Teacher Union Leaders Focus on Charter Schools Amid Dwindling Membership

Teacher Union Leaders Focus on Charter Schools Amid Dwindling Membership
Parents arrive with their children to Evelyn Thurman Gratts Elementary School as people rally in support of a teacher strike in Los Angeles on Jan. 22, 2019. (Richard Vogel/AP)
6/18/2019
Updated:
6/18/2019

During the January teachers’ strike in Los Angeles, unions dedicated a great deal of attention to charter schools, with some even accusing officials of hurting public schools.

At the time, Alex Caputo-Pearl, the president of the United Teachers Los Angeles (UTLA) union, told a cheering crowd of striking educators that the district was “[starving] our schools in order to justify cuts and justify handing more schools over to privately run charter schools.”

Soon after, Gov. Gavin Newsom told California’s Superintendent of Public Instruction Tony Thurmond to launch the California Policy Charter School Task Force, charged with assessing the impact public charter school funding has on tax-backed school finances.

In early June, the task force, which included representatives from both unions and charter schools, released its report, recommending stricter limitations on privately-run public charters. To many observers, this was an unsurprising conclusion, as charters often aren’t unionized at all.
With the rapid growth of the charter school movement in the state, unions are losing many dues-paying members. California’s union membership as a whole dropped by 86,000 last year, “the most dramatic decline in the nation,” according to a California Policy Center report. This may have prompted union leaders to push state officials to consider restricting the popular branch of public education.
However, Will Swaim, president of the California Policy Center, an educational non-profit, told The Epoch Times that many teachers who come in contact with the organization no longer see a benefit in remaining unionized.

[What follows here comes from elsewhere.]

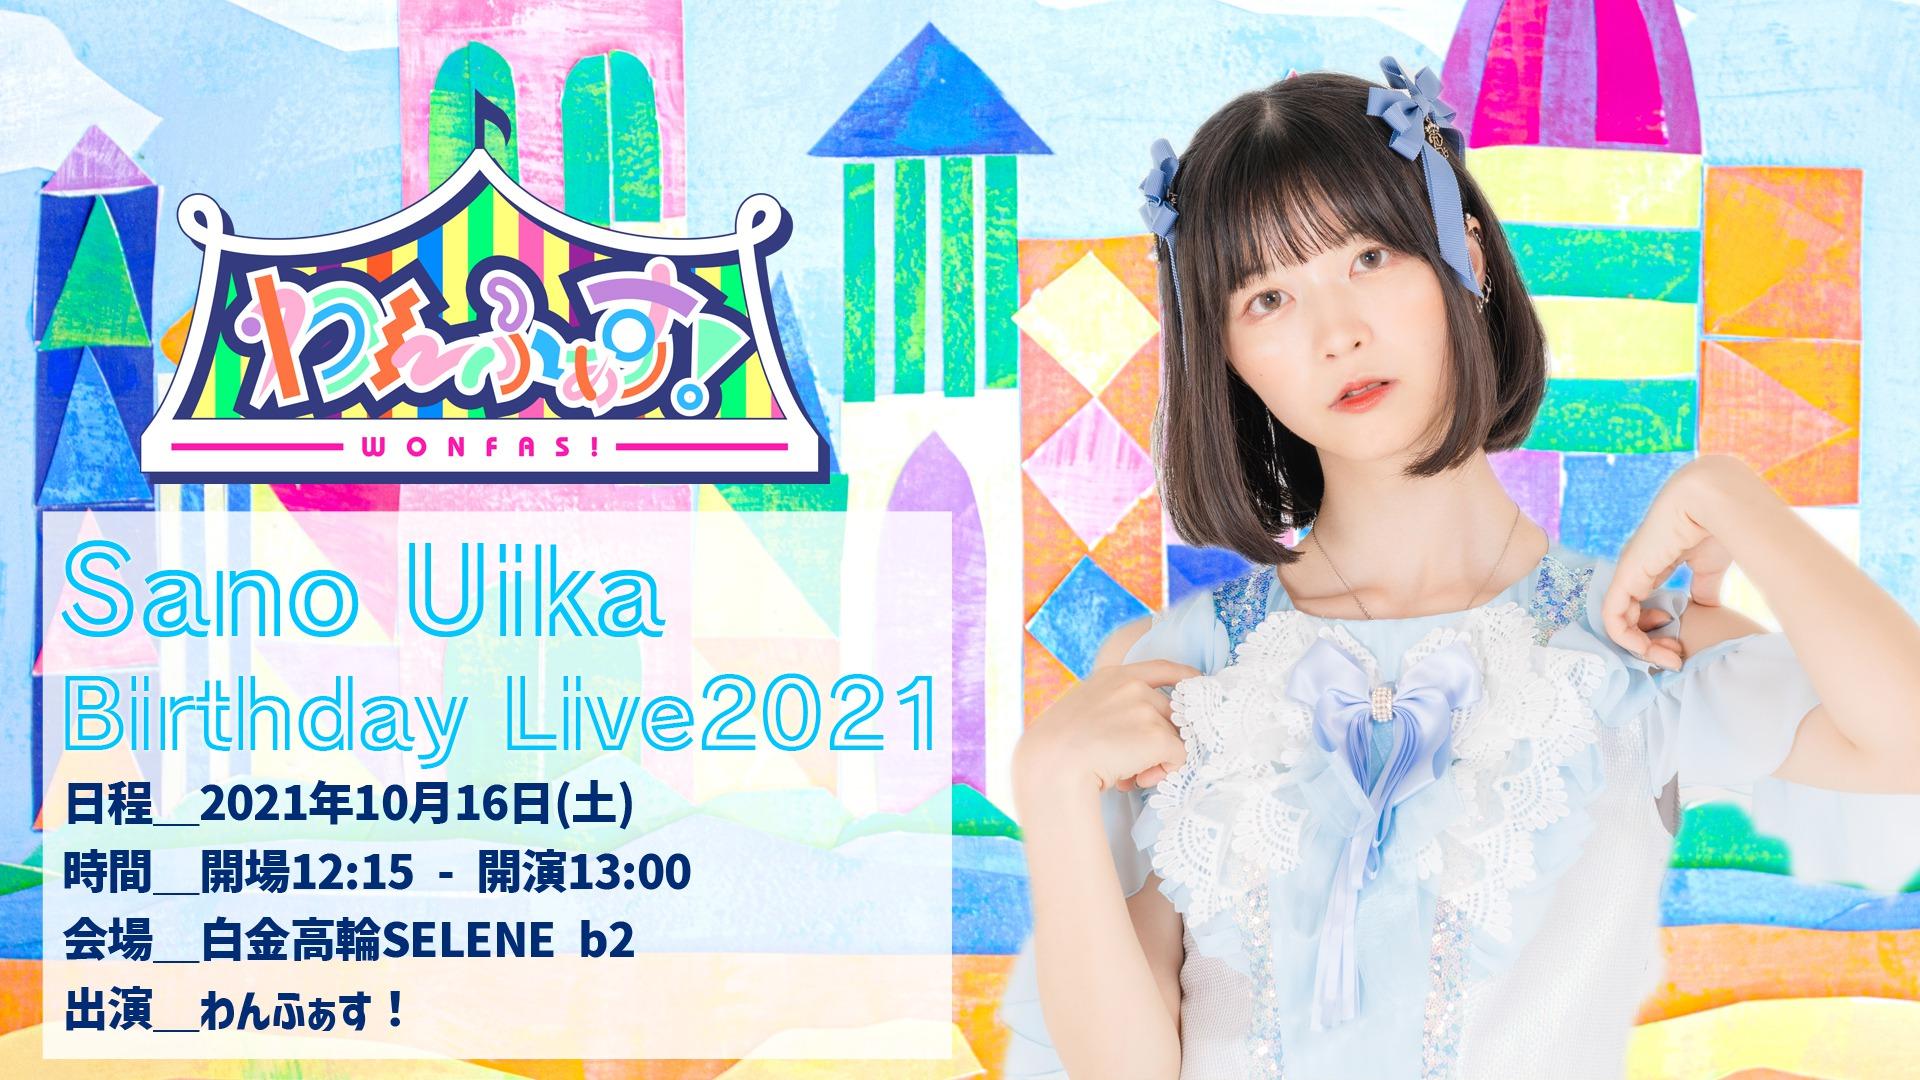 Sano Uika Birthday Live 2021

“A very few [of school teachers] just want to keep the money they now pay in dues,” Swaim said. “But most object to the notion that the unions bring any value to public education.”

“The consistent theme in criticism of the unions is simple: Union leaders are waging a class war against the poor — even as they claim the opposite.”

In the past, Caputo-Pearl accused the district of “writing a blank check to the charter school industry,” but in the 2018-19 fiscal year, California public schools received a total of $97.2 billion in funding. Considering that nine out of every ten K-12 students attend traditional schools, only 11% of the state’s pupils attend charters. So the bulk of tax dollars going to education in the state are going to publicly-run schools.
But this push against charters is seen as part of a political agenda, critics charge. And perhaps, Swaim told The Epoch Times, teachers are increasingly leaving unions precisely because of their push for more political control.

Many school teachers, Swaim said, “object to the unions’ extracurricular activities — its support of issues that don’t strictly deal with education, its contributions to national politics.”

“To educators worried about students,” he added, these activities are “at odds with their own sense of [students’] real need.”

Local unions such as the California Teachers Association have long claimed the opposite, saying that charter school teachers are unionizing in droves because of an “increasing concern that recent trends in the charter school industry are limiting educator input into important decisions while contributing to high teacher turnover.” Worse yet, the CTA writes in its website, charter school teachers suffer due to the “high cost of living and low pay.”

Swaim disagrees.

While there are many charter school teachers who have, indeed, sought unions, “many object to the tenure system that produces last in, first out layoffs, and sends the least experienced (and the least effective) teachers into the toughest communities.” Furthermore, he said, teachers are noticing higher quality and better opportunities outside the unionized system.

“Teachers point out that they make precisely the same amount as other [public school] teachers — despite remarkable differences in effectiveness. Far from supporting them in the quest to do well by doing good, these teachers note that the union system punishes the good in order to reward the less qualified.”

Erika Sanzi, a parent and former teacher in Cumberland, Rhode Island who blogs for Education Post and Good School Hunting, agrees.

The former educator, union member, and school committee member admits that both settings “are home to some excellent teachers who have high expectations for kids and work incredibly hard,” but when it comes to heavily unionized systems, she said, schools “[are] much more likely to hold on to and protect weak teachers, even at the expense of less senior but much better ones.”

“I did have one experience in a district school that was unionized where seniority did not determine layoffs but in every other case I’ve seen over two decades, seniority has been the sole driver and that is never good for students.”

For parents like herself, she told The Epoch Times, unionized schools are also less productive.

“In my experience,” she said, “teachers are absent much more often in the unionized schools, parent-teacher conferences are less frequent, and communication with parents is not as good.”

“On balance, I think teachers’ unions are a huge impediment to getting the best teachers in front of the students who need them most, as their commitment to protecting adults at any cost is often in direct conflict with what is best for students, and I’ve seen it play out too many times to be convinced otherwise.”